# help please.....cloudy water



## izzyiracheta (Jan 4, 2012)

so i just started the whole saltwater thing....i bought a new 55 gal tank....the ladie at the lfs said i could put all my sand in the tank and fill it up with water and then add my salt...it has been 3 days and the water still looks cloudy in my opinion...my FW tank's water is alot clearer...anyways is this just normal or what????


----------



## izzyiracheta (Jan 4, 2012)

oh and i plan on only doing a FOWLR for this tank


----------



## Reefing Madness (Jun 26, 2011)

Gonna need a few things form you before being able to answer>
Do you have any powerheads in the tank, anything for water movement?
Are you running a skimmer? What kind, and what is it rated at?
Do you have any Live Rock or Dry Rock in the tank? How much?
With these things in place, your tank would have cleared up in a few days.
Dry Rock, there are a few hitchhickers onLive Rock that people want to stay away from, so they opt for using Dry Rock, or Dead Rock. Macro Rock is a good place to start looking for that.
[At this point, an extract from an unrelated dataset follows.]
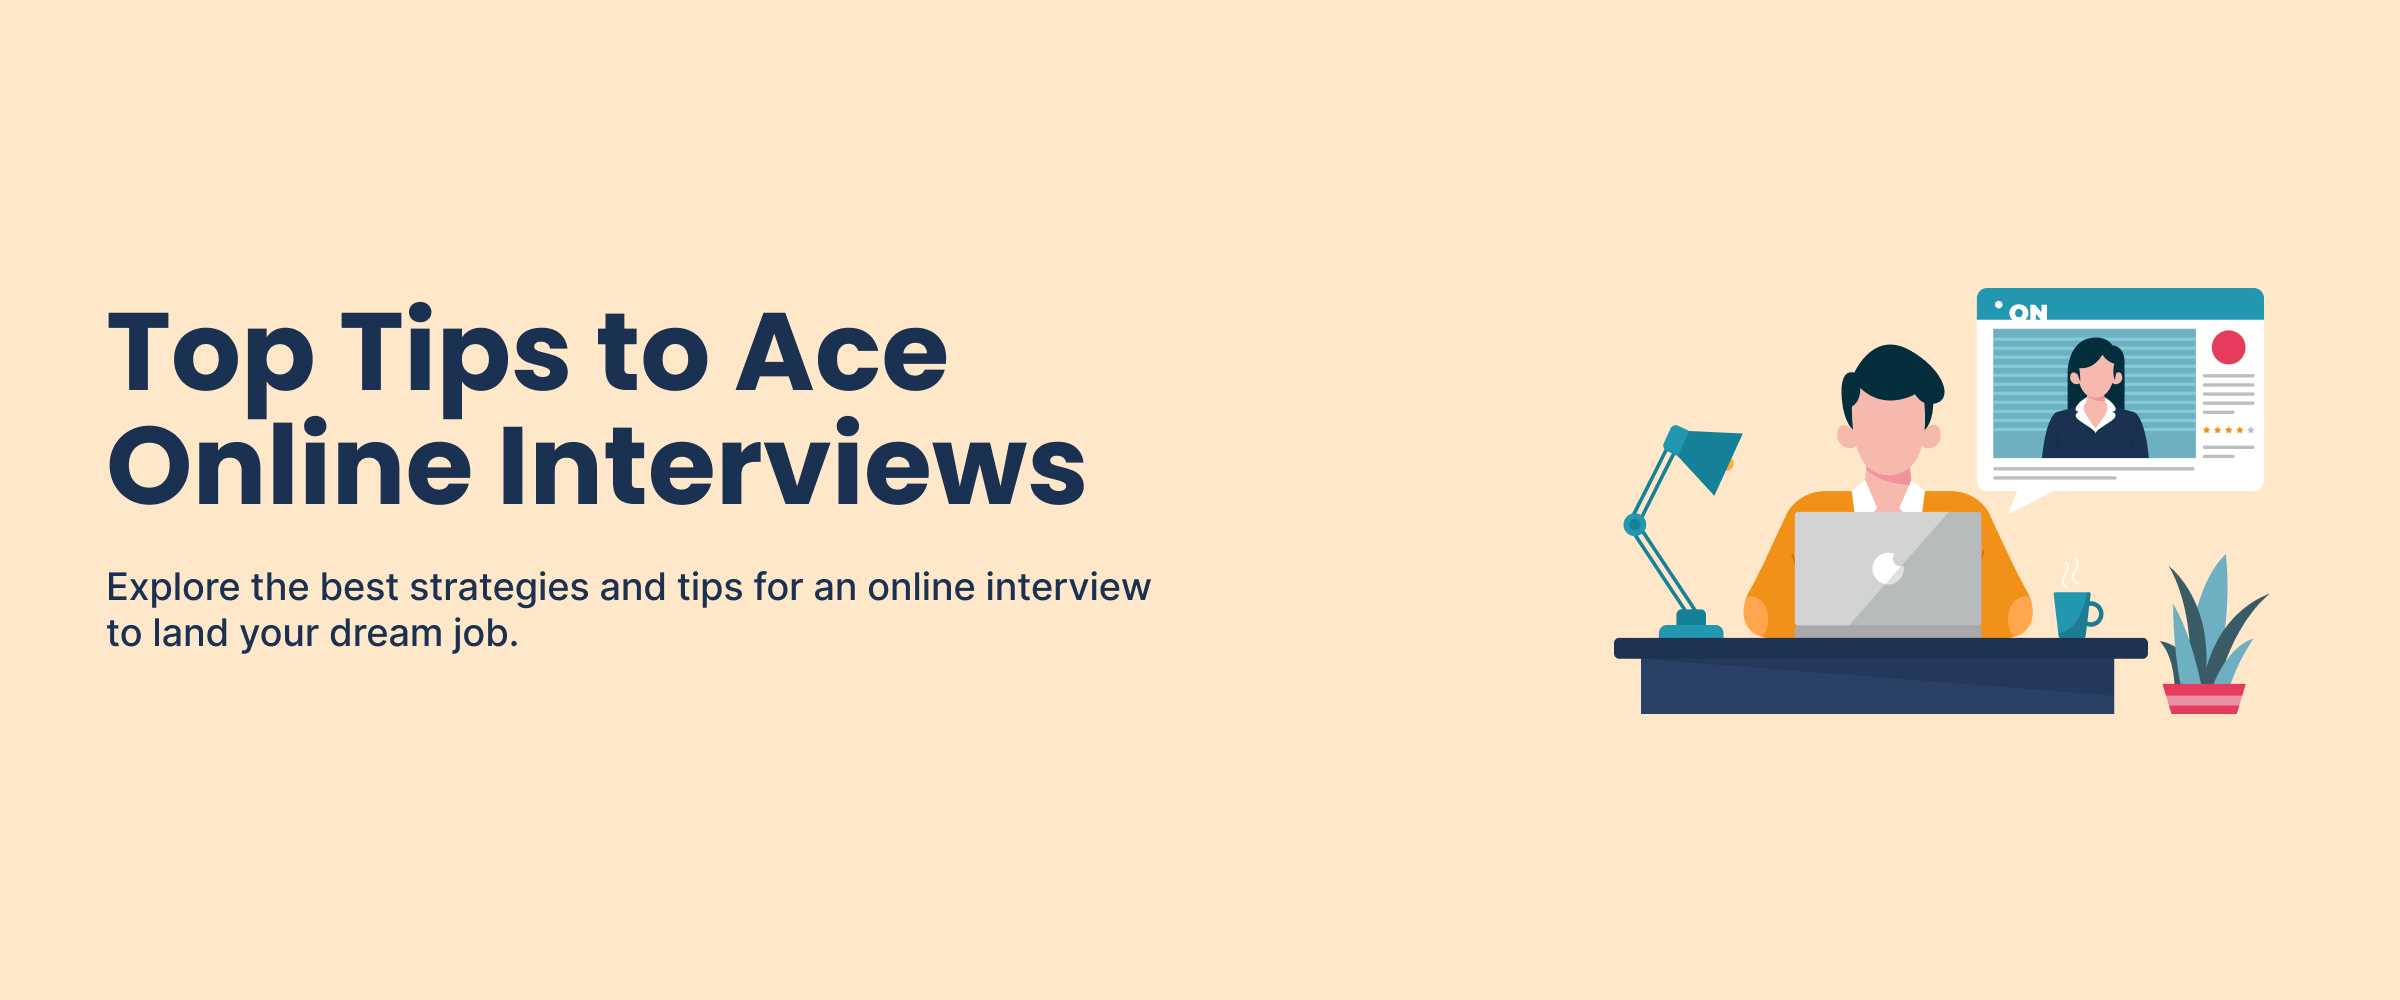 Online Interviews Tips

Either way you go you will need a minimum of 1lb per gallon
.Replacement filter media like filter floss and activated carbon (if you get a filter)
Multiple Powerheads (2 or 3) 10x your water volume for just a Fish Only With Live Rock, and at least 20x your water volume for a Reef Tank. So lets say your going reef, and you have a 100g tank, you would need flow in that tank at minimum of 2000gph, or 2 1000gph powerheads.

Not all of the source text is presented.